YOUR TASK: Copy the data that follows, character for character, minus the pictures.

DATASET EXTRACT:
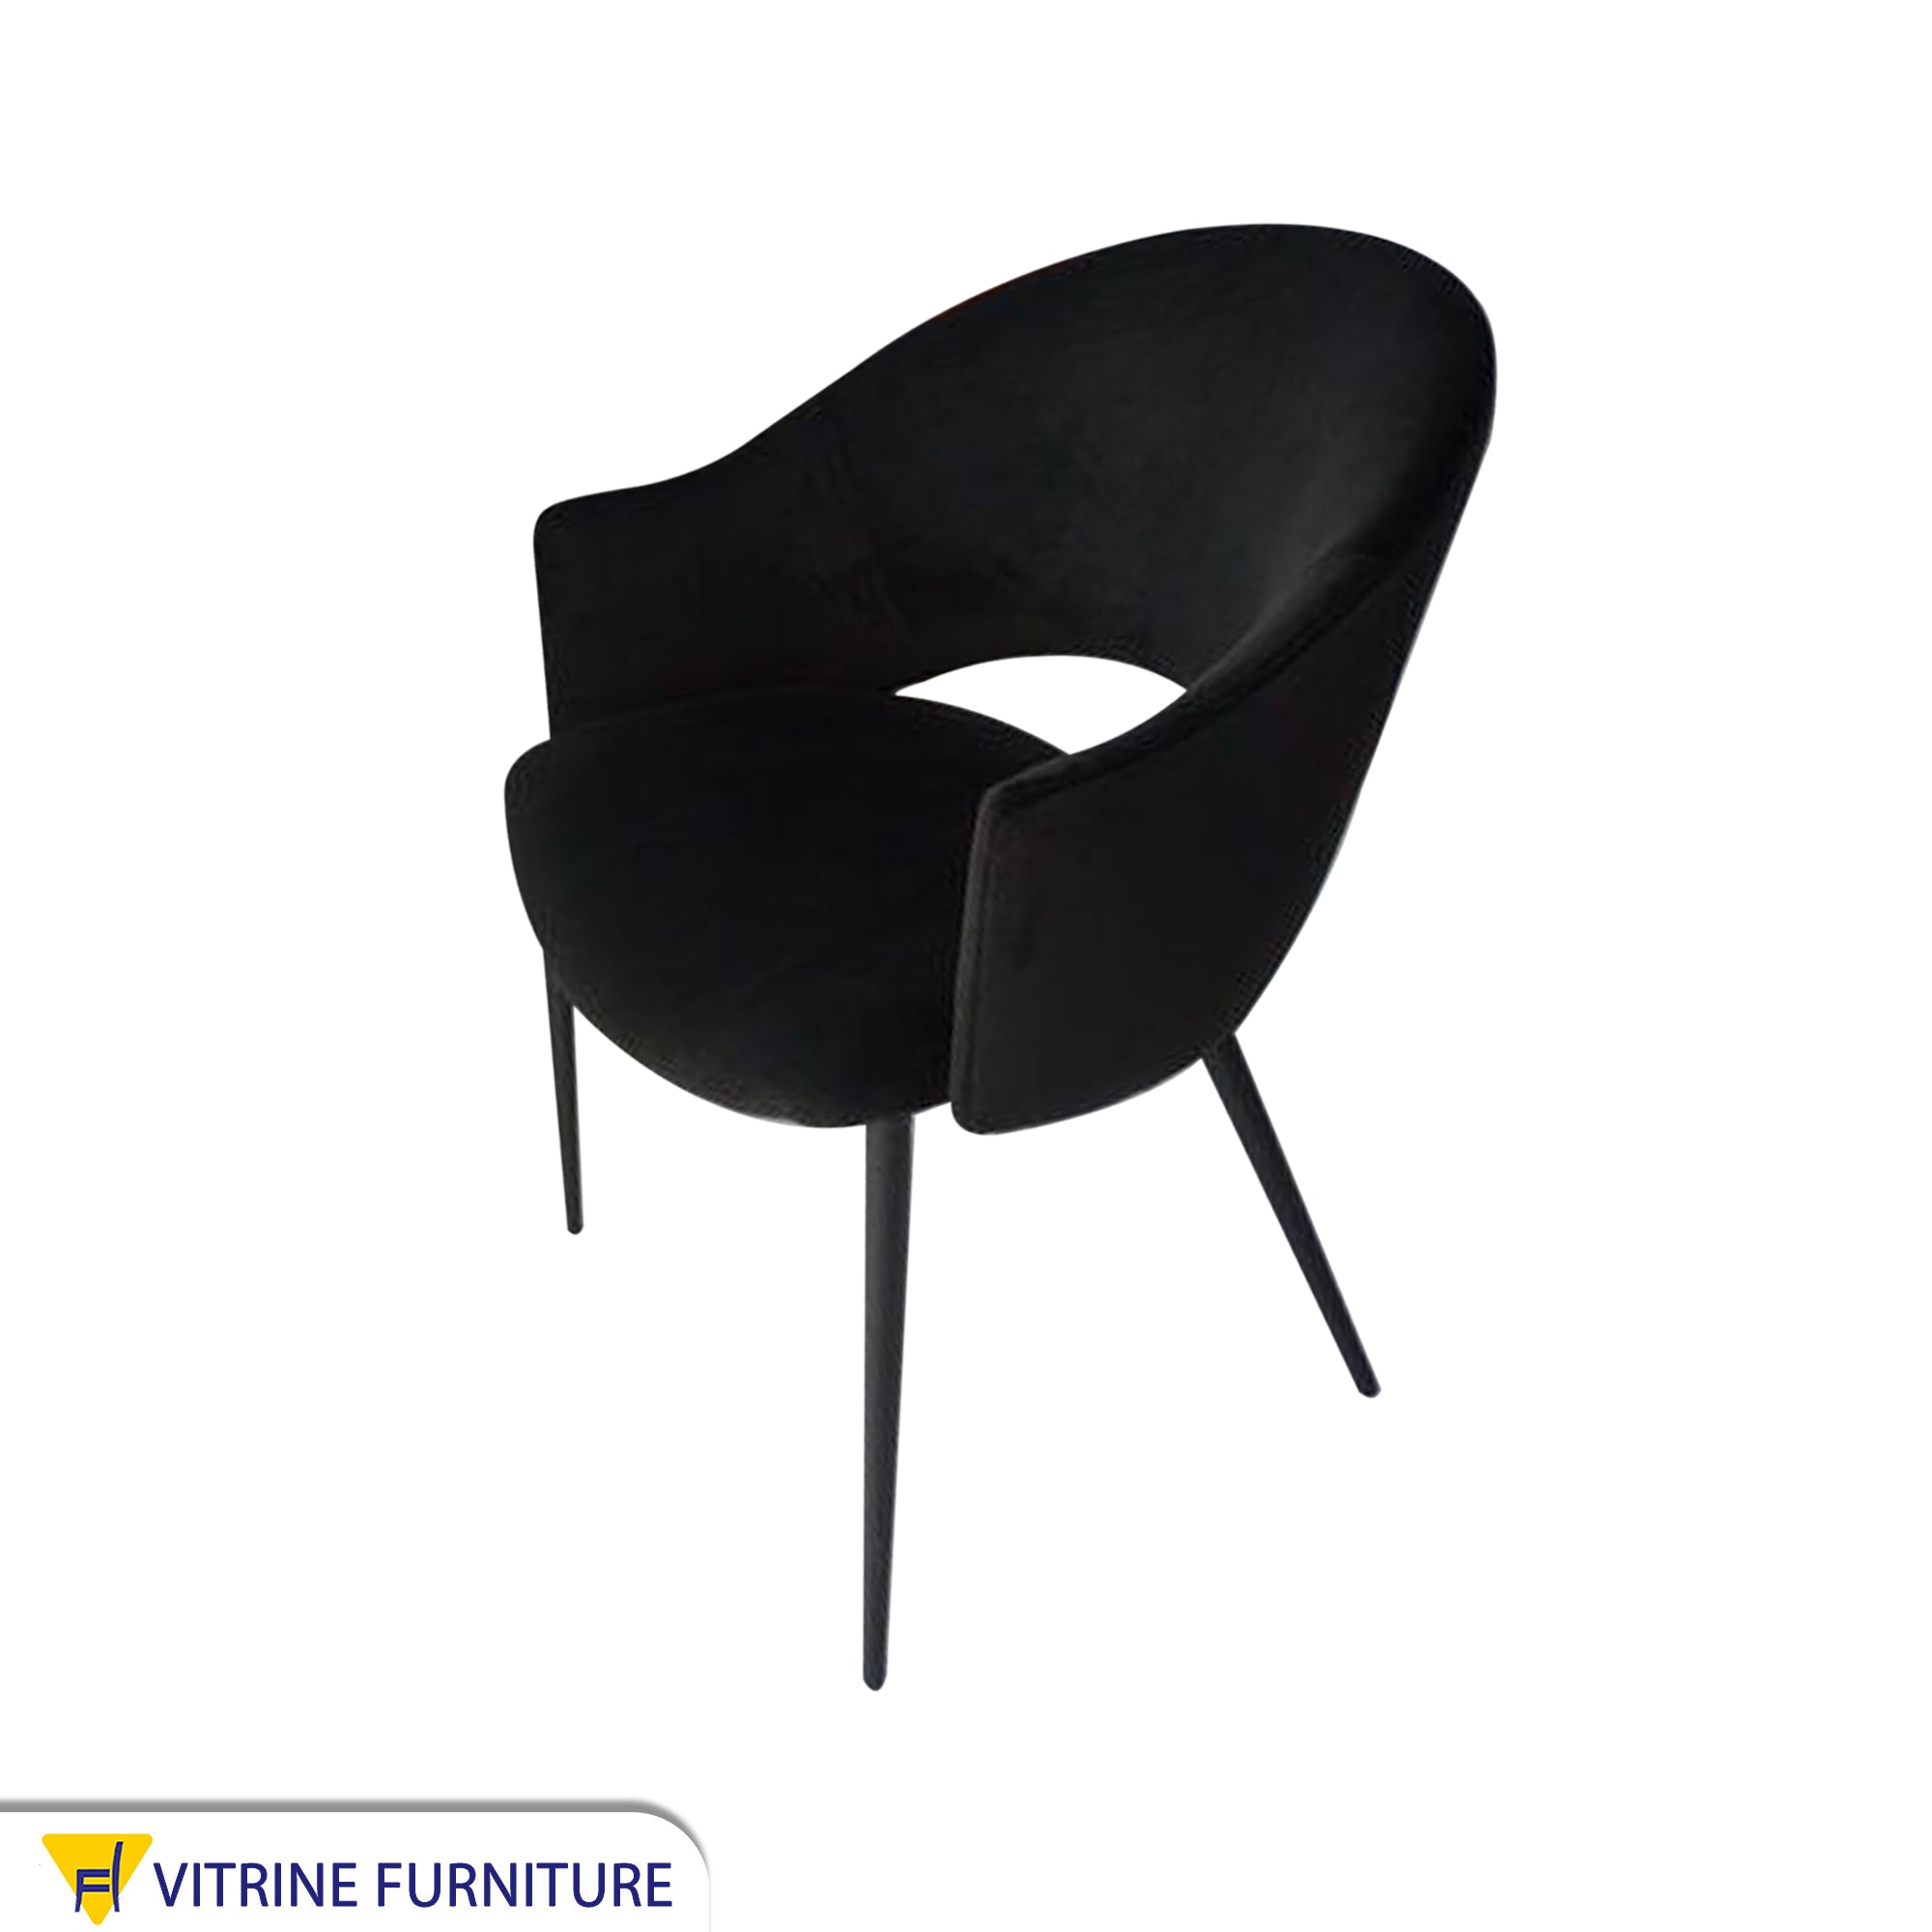 Black upholstered chair
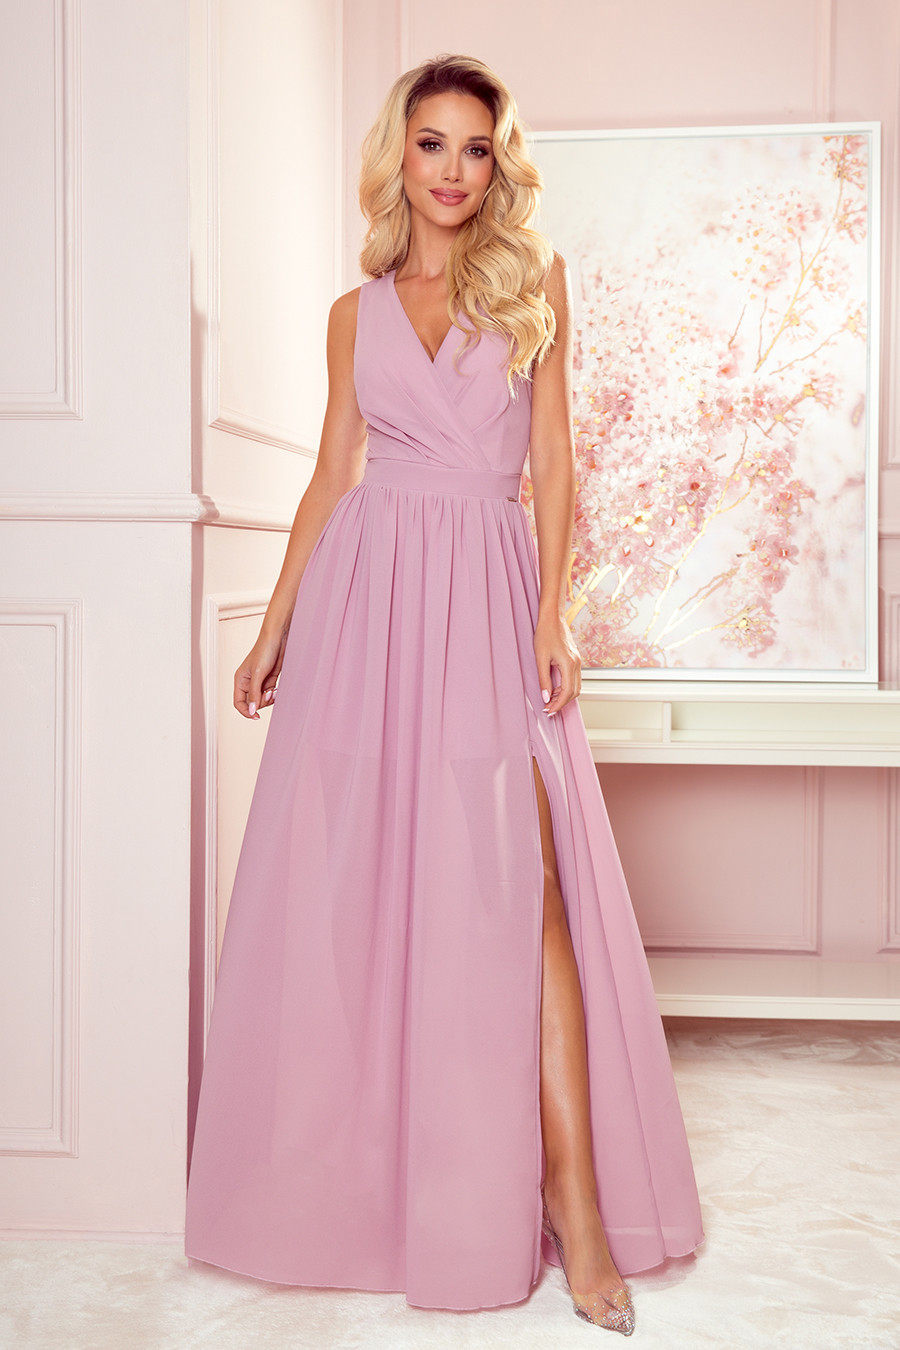 JUSTINE - Dlouhé dámské šaty v pudrově růžové barvě s výstřihem a zavazováním 362-3 M
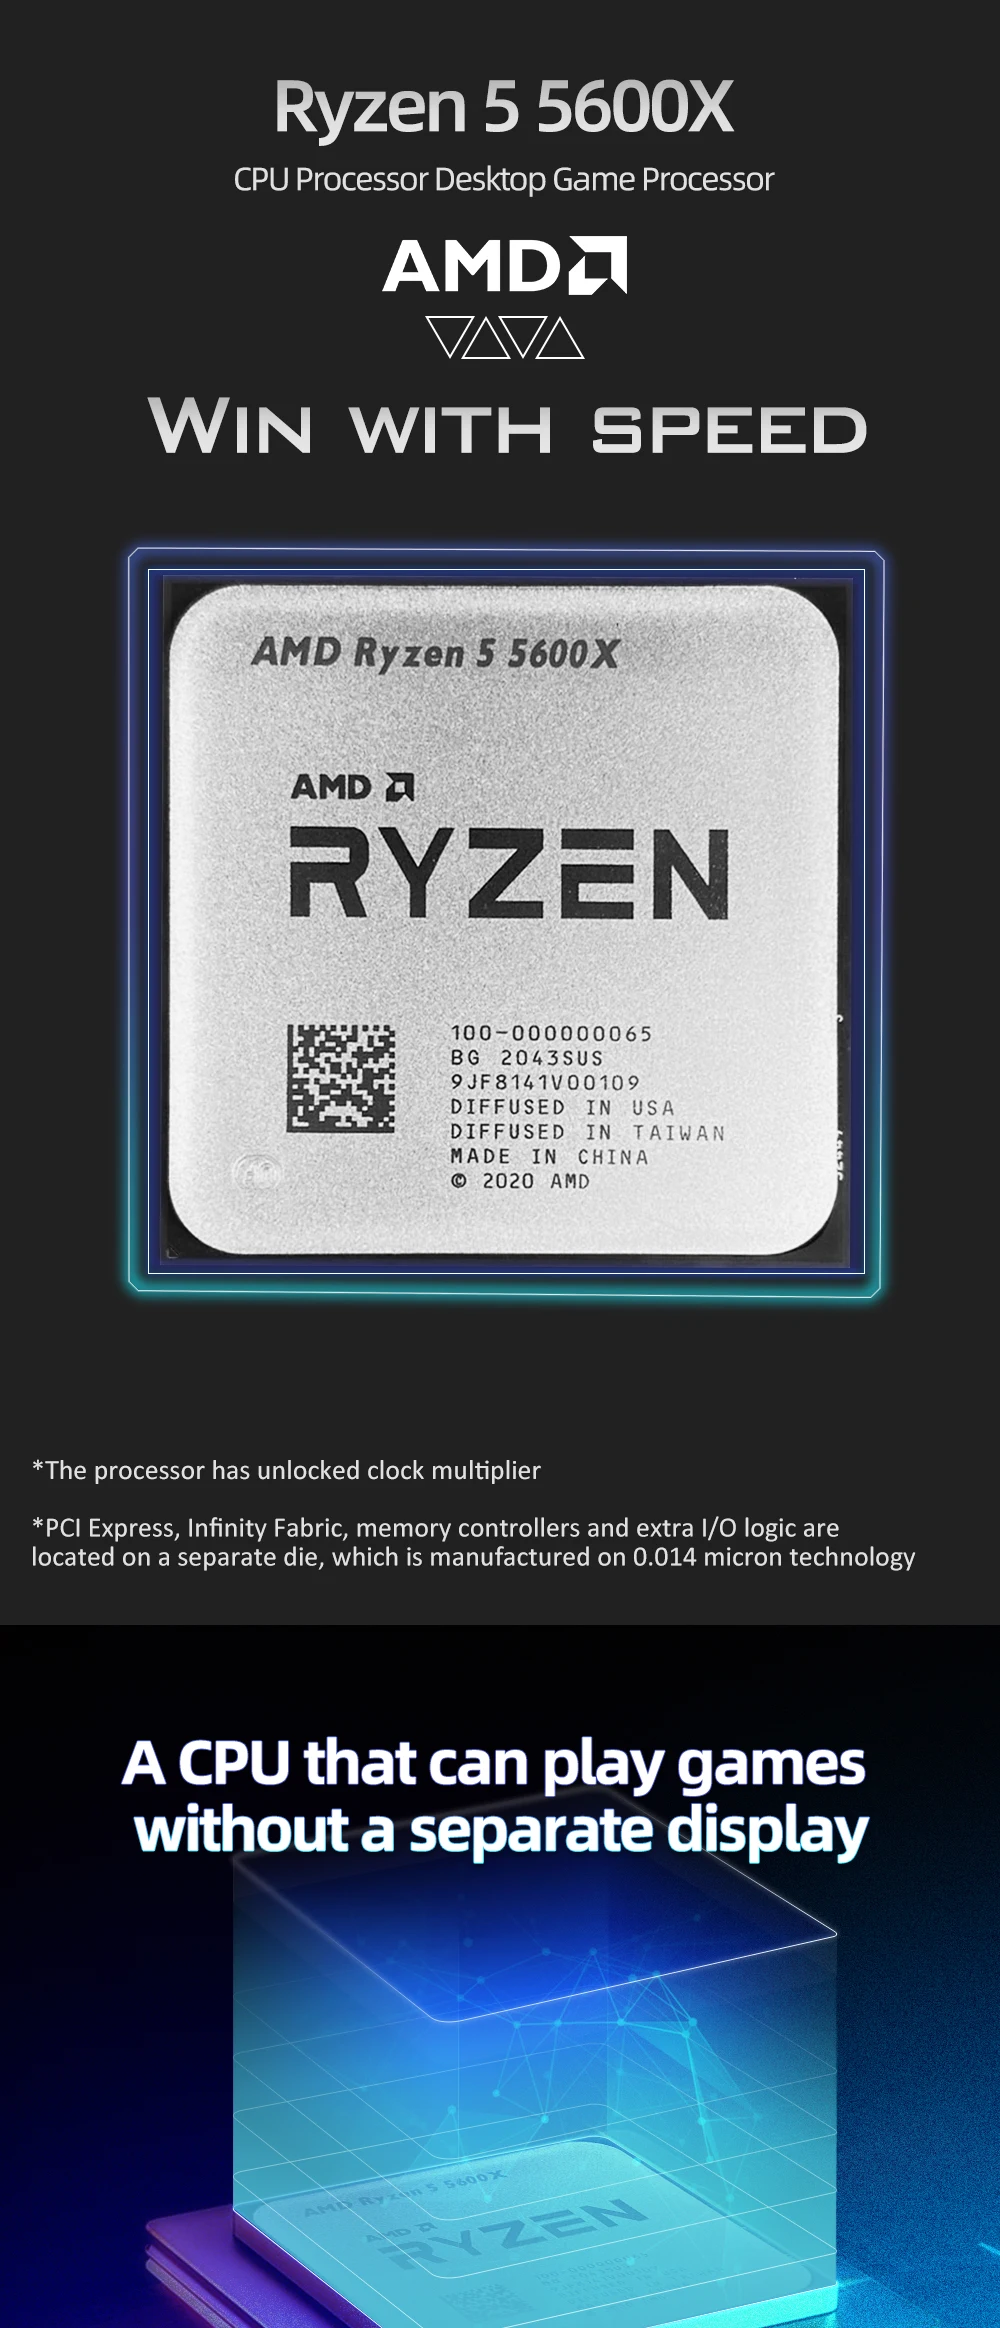 AMD New Ryzen 5 5600X R5 5600X CPU Processor Desktop Gamer Processor 3.7 GHz 6-Core 12-Thread 7NM 100-000000065 AM4 Accessories most powerful cpu

TASK SOLUTION:
 Black upholstered chair
 JUSTINE - Dlouhé dámské šaty v pudrově růžové barvě s výstřihem a zavazováním 362-3 M
 AMD New Ryzen 5 5600X R5 5600X CPU Processor Desktop Gamer Processor 3.7 GHz 6-Core 12-Thread 7NM 100-000000065 AM4 Accessories most powerful cpu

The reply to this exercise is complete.